Therefore, this suggested that isoflurane could be mechanistically repurposed as a pharmacological intervention for targeted suppression of HB cells. To test this further without the generalized effects of the anesthesia, we devised a method of local aqueous application of isoflurane by means of rapid and precise nano injection of diluted isoflurane solution via a glass micropipette targeting AuC L2/3 (same pipette as used for single-cell electrophysiology, see Methods for details) in awake behaving mice (Fig. 5e).

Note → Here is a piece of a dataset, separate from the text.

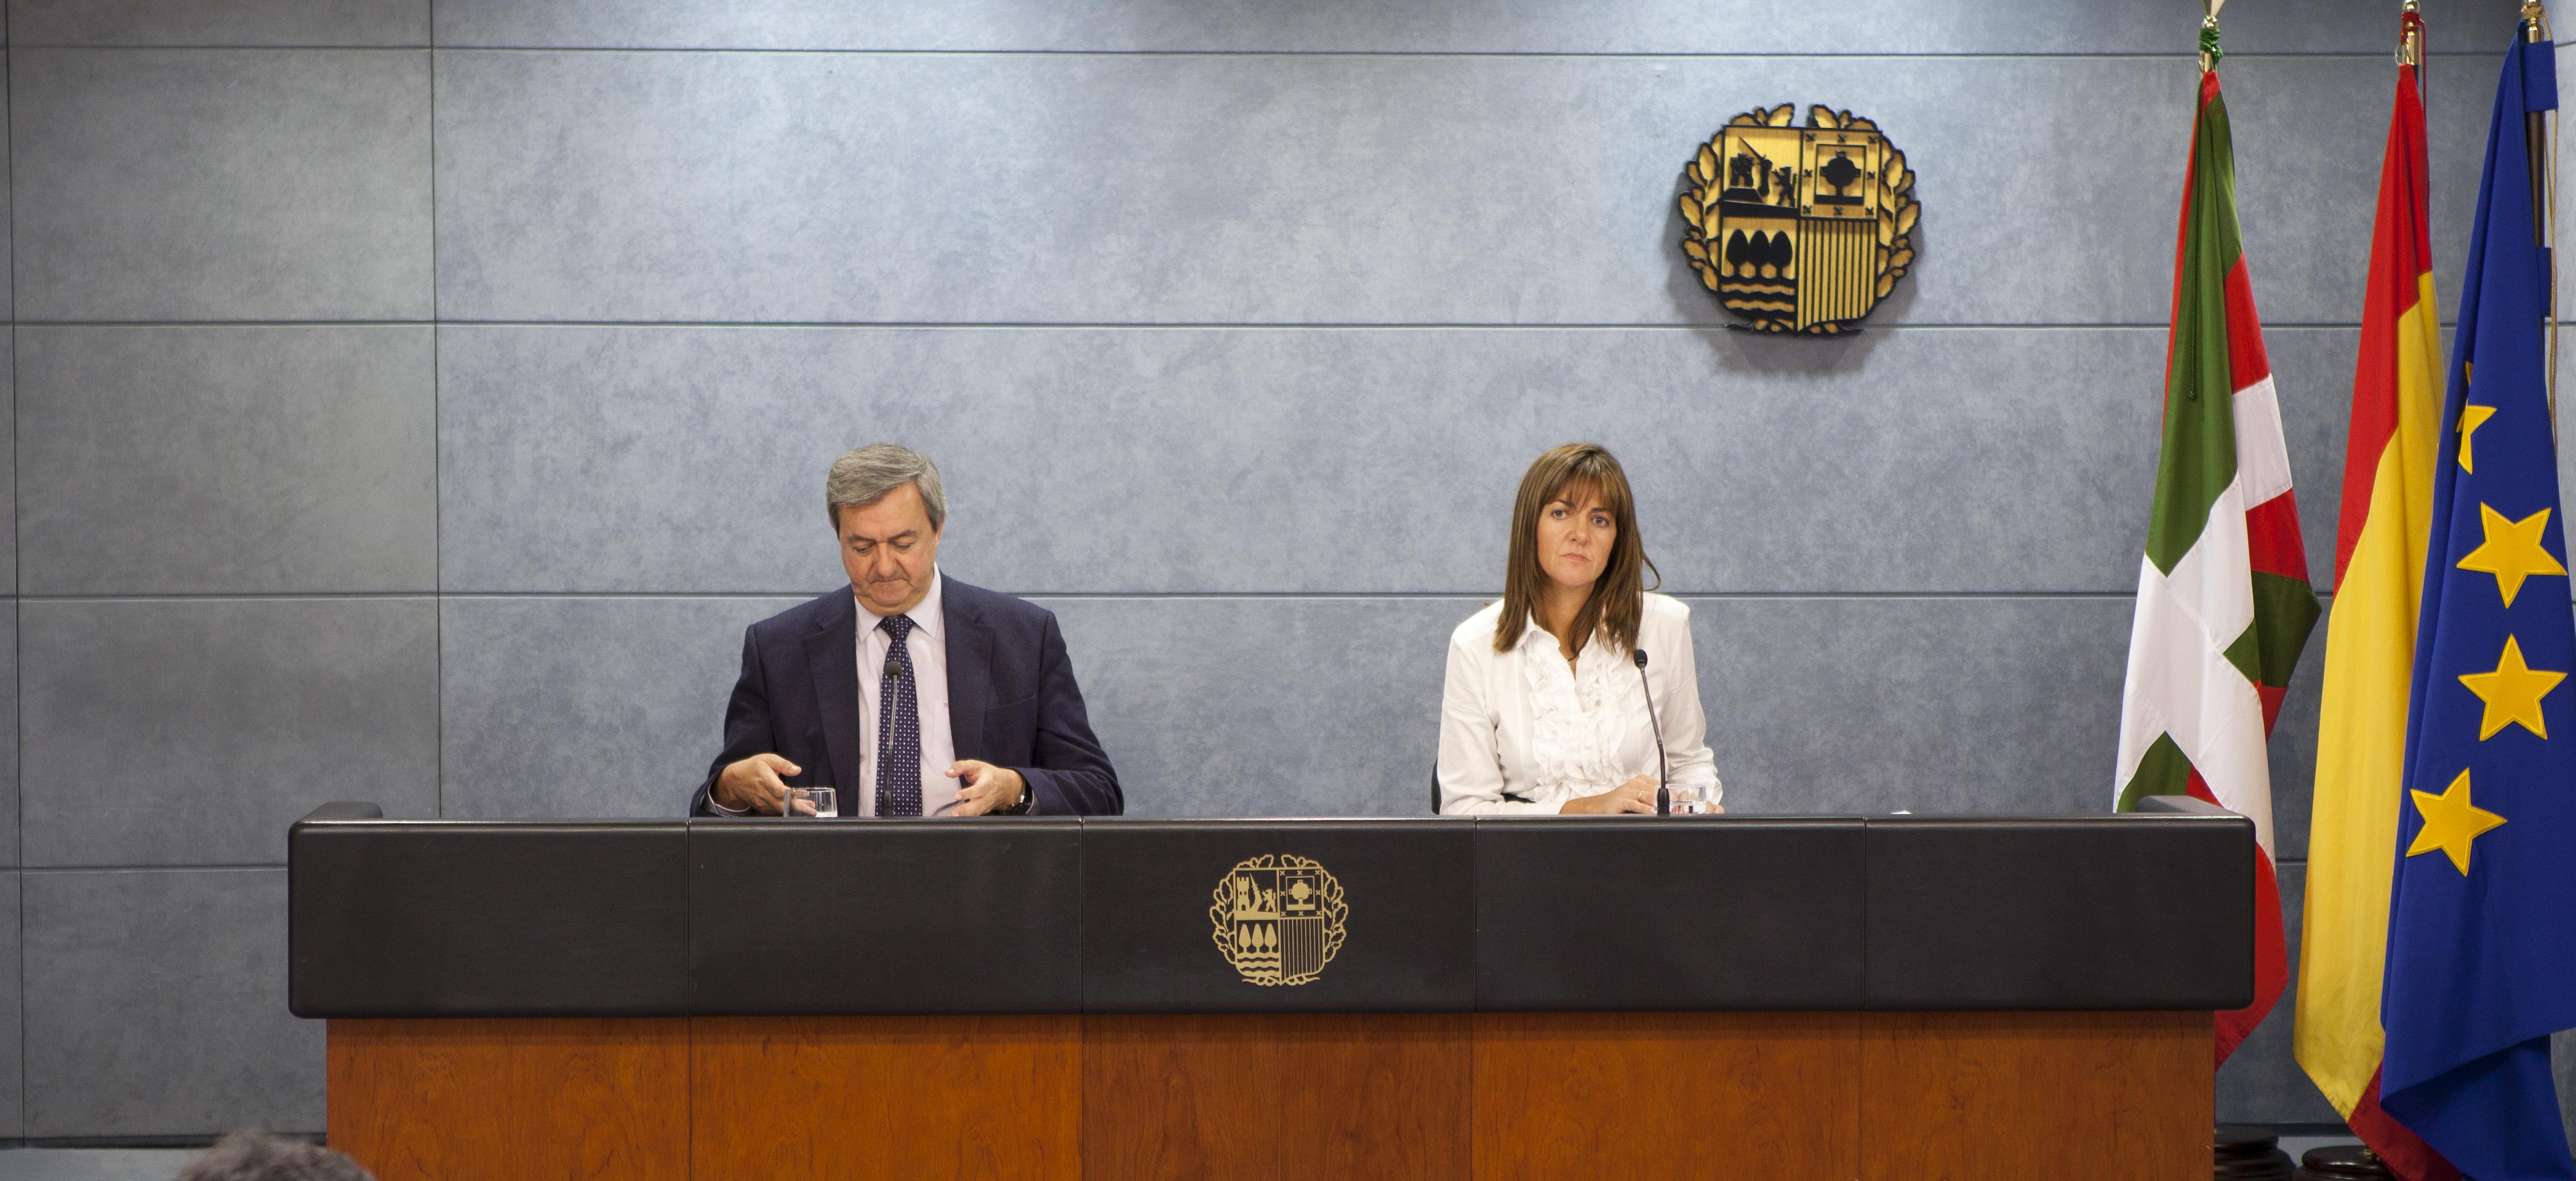 20101109_consejo_gobierno02.jpg

Neuronal responsiveness and behavior performance were tested within a short time window during which the intervention effect was relatively stable after a single bolus of injection (duration 10–20 s, injected volume estimated <1 nL, recording 1–20 min post injection). HB cells in the targeted AuC L2/3 area were suppressed and lost bursting responsiveness right after the injection, then later recovered bursting responsiveness at ~60 min post injection (Fig. 5f, g, all 9 of 9 HB cells). In contrast, Bayes factor analysis42 yielded an ‘evidence of absence’ of suppression effect on non-HB cell responses in the same area (Fig. 5g). Moreover, this pharmacological intervention was controlled by normal brain fluid application and different concentrations of isoflurane in the injection solution, showing that the suppressing effect on the responsiveness of HB cells was isoflurane-dependent (Supplementary Fig. 4).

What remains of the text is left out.